Plus tôt, Quito avait mis en place un service gratuit d'autocars pour les Vénézuéliens ayant traversé la Colombie et se dirigeant vers le Pérou, une des économies les plus dynamiques de la région.

« Trente-cinq (autocars transitent) en ce moment par le corridor humanitaire et nous allons continuer tant que ce sera possible », a déclaré le ministre équatorien de l'Intérieur, Mauro Toscanini.

À partir de samedi, le Pérou va exiger des ressortissants vénézuéliens un passeport, alors que jusqu'à présent une simple carte d'identité suffisait. L'Équateur, pays de transit pour nombre de ces migrants cherchant à se rendre au Pérou, au Chili ou en Argentine, avait mis en place une mesure similaire samedi dernier, finalement suspendue.

Plusieurs milliers par jour

À bord des bus affrétés par le gouvernement équatorien se trouvaient déjà des Vénézuéliens sans passeport, qui « se trouvaient déjà dans le pays avant (...) et évidemment il faut les transporter », a expliqué M. Toscanini.

« Je suis venu ici avec un sac sur le dos à travers la Colombie et l'Équateur, comme tous les Vénézuéliens », a raconté à l'AFP Edgar Torres, 22 ans, professeur d'éducation physique originaire de Caracas, heureux d'être arrivé avant samedi à Tumbes, à la limite entre l'Équateur et le Pérou (nord).

À l'image de nombre de ses compatriotes qui font la queue devant ce centre d'accueil au milieu des plantations de bananes, il n'a ni passeport ni argent.

Le rythme des arrivées à la frontière péruvienne, jusqu'ici de 2500 à 3000 réfugiés par jour, devrait s'accélérer. Le Pérou s'attend à accueillir 100 000 réfugiés vénézuéliens dans les prochaines semaines, ce qui portera leur total à un demi-million.

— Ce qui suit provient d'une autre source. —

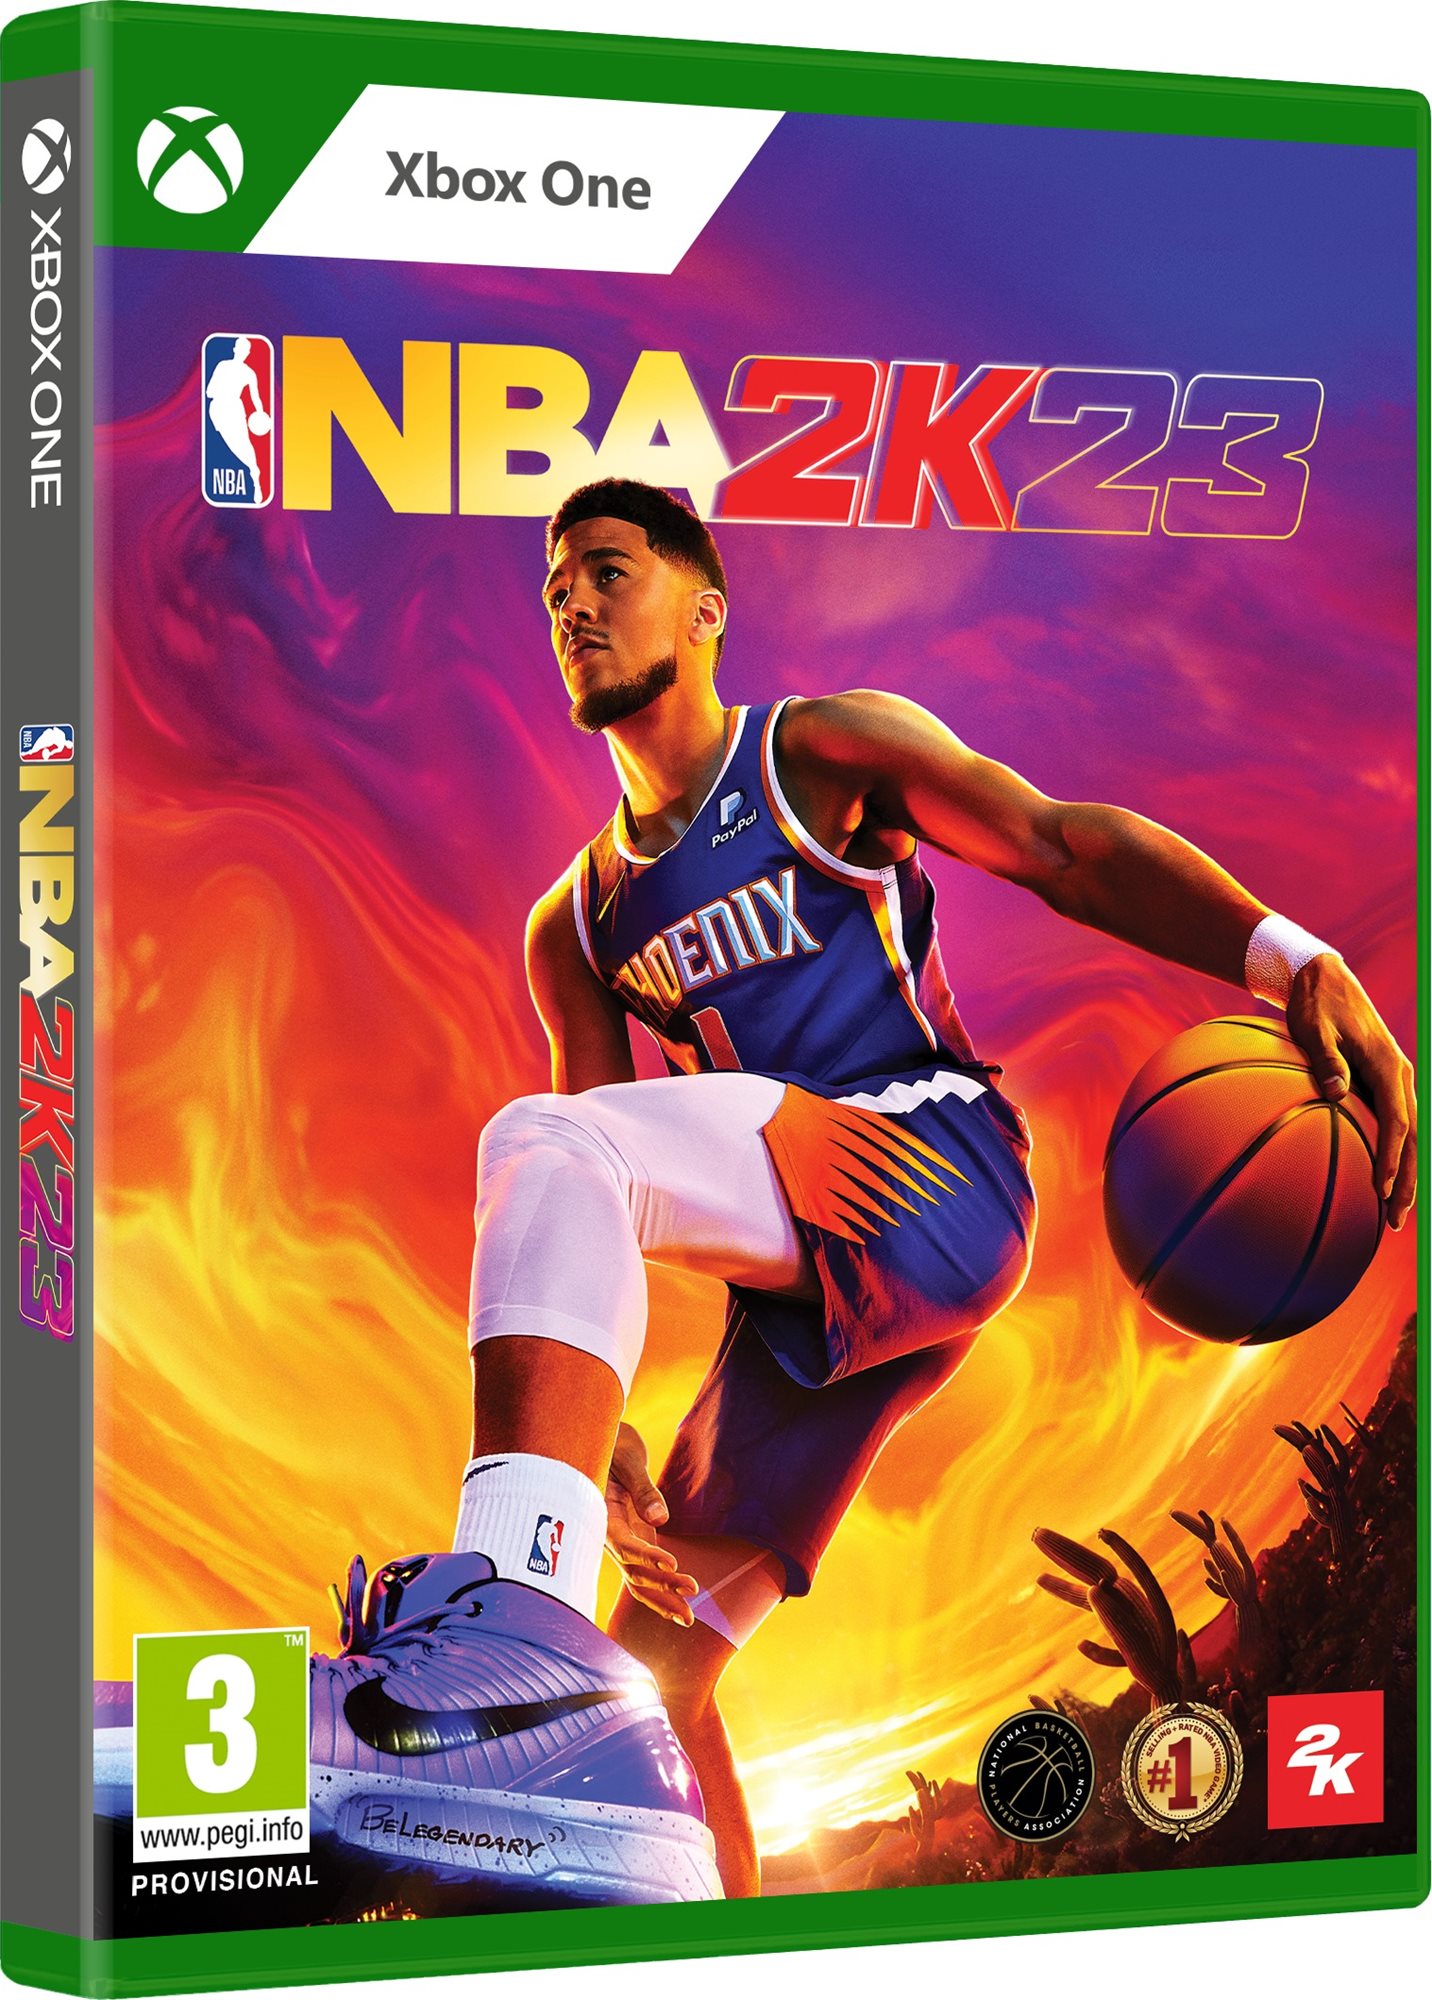 Konzol játék NBA 2K23 - Xbox Series

Dans cette zone de climat tropical à un millier de kilomètres de Lima, l'Église catholique distribue aux migrants leur premier repas chaud depuis plusieurs jours.

Nombre d'entre eux sont arrivés à pied. Partis du Venezuela début août, ils ont accéléré le rythme pour atteindre la frontière avant ce week-end.

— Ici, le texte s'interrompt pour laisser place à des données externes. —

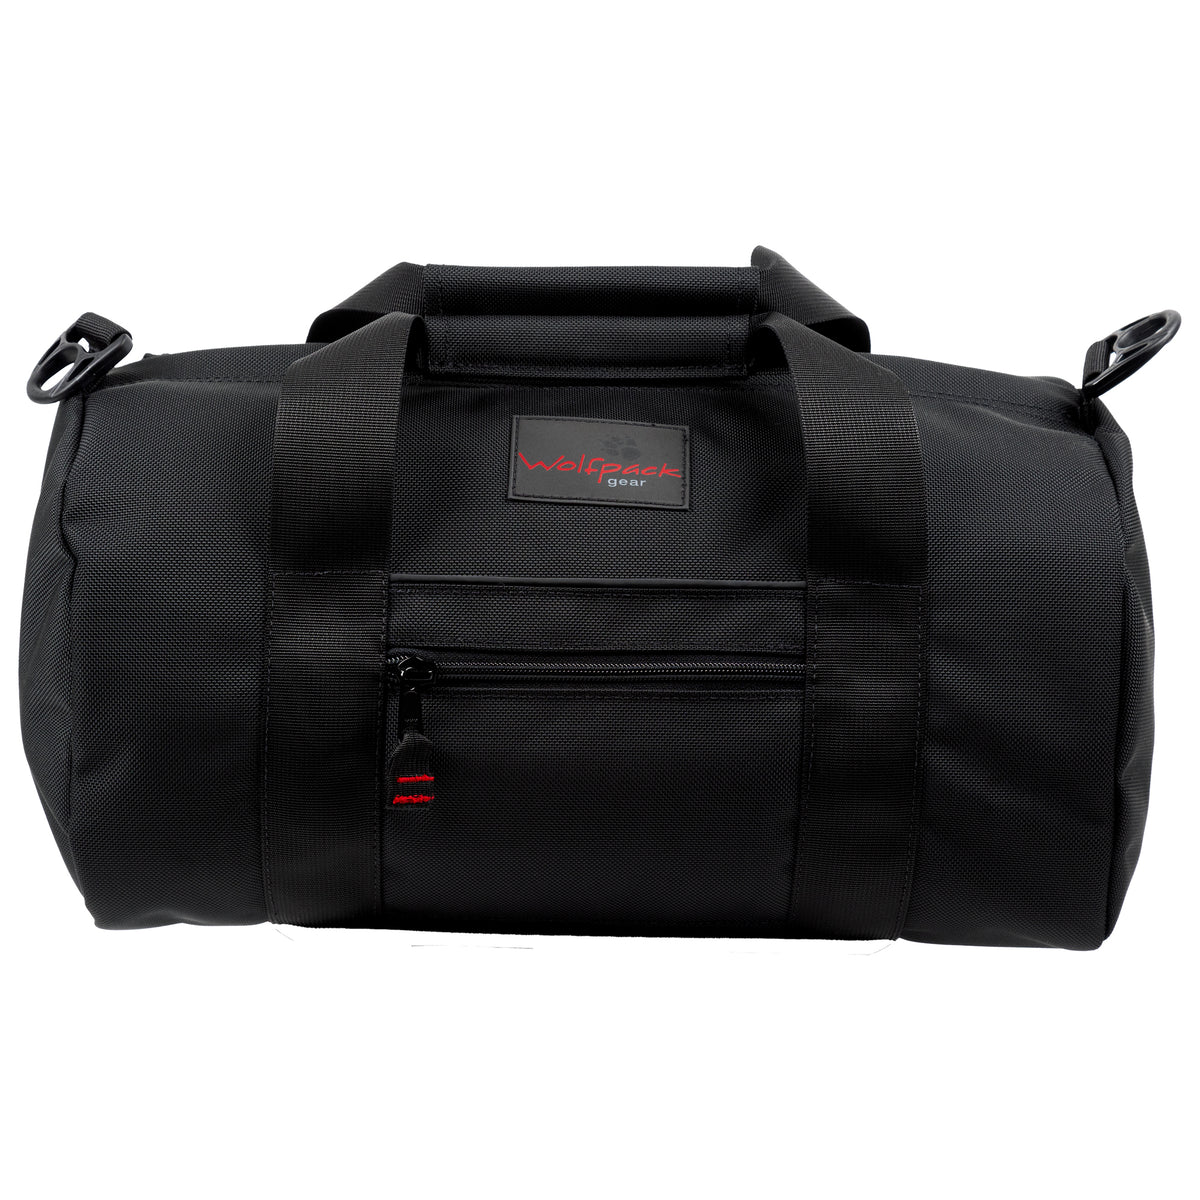 Wolfpack Gear™ Duffel Bags

« Justement, je suis arrivé juste à temps pour pouvoir entrer », confie soulagée Angeli Vergara, une secrétaire de 22 ans, qui a attendu un passeport deux ans avant de se décider à partir.

La décision du Pérou et de l'Équateur d'exiger ce document revient à fermer la porte au nez de nombre de Vénézuéliens: obtenir un passeport dans ce pays relève du parcours du combattant en raison de la crise économique et de la pénurie généralisée, qui affecte aussi le papier.

Cellule de crise

Le gouvernement vénézuélien, lui, assure que les migrants « vont revenir » grâce aux réformes économiques du président Nicolas Maduro.

L'ONU évalue à 2,3 millions le nombre de personnes ayant fui ces dernières années la misère au Venezuela, soit 7,5 % de sa population de 30,6 millions, selon le dernier recensement.

Face à l'ampleur du phénomène, les Nations unies vont mettre en place une cellule de crise régionale, a annoncé vendredi Stephane Dujarric, porte-parole du secrétaire général de l'ONU, Antonio Guterres.

De leur côté, deux agences onusiennes, le Haut-Commissariat pour les réfugiés (HCR) et l'Organisation internationale pour les migrations (OIM), ont appelé jeudi les pays latino-américains à continuer d'accueillir les réfugiés vénézuéliens, dénonçant les exigences mises en place aux frontières.

« Personne ne parle de fermer la frontière, il s'agit d'exercer un meilleur contrôle migratoire pour des raisons de sécurité. 80 % des Vénézuéliens qui arrivent au Pérou ont leur passeport », s'est défendu le ministre péruvien de l'Intérieur, Mauro Medina.

Les Vénézuéliens sont étranglés par la crise économique: l'inflation pourrait atteindre 1 000 000 % fin 2018 selon le Fonds monétaire international, et le PIB devrait s'effondrer de 18 %.

L'exode, aussi de Nicaraguayens fuyant la crise politique dans leur pays, met la région sous tension, comme l'ont montré les violences du week-end dernier à la frontière brésilienne contre des migrants vénézuéliens.

Signe de l'inquiétude des autorités, l'Équateur a invité les ministres des Affaires étrangères de 13 États de la région, dont le Venezuela, à une réunion les 17 et 18 septembre sur ce sujet.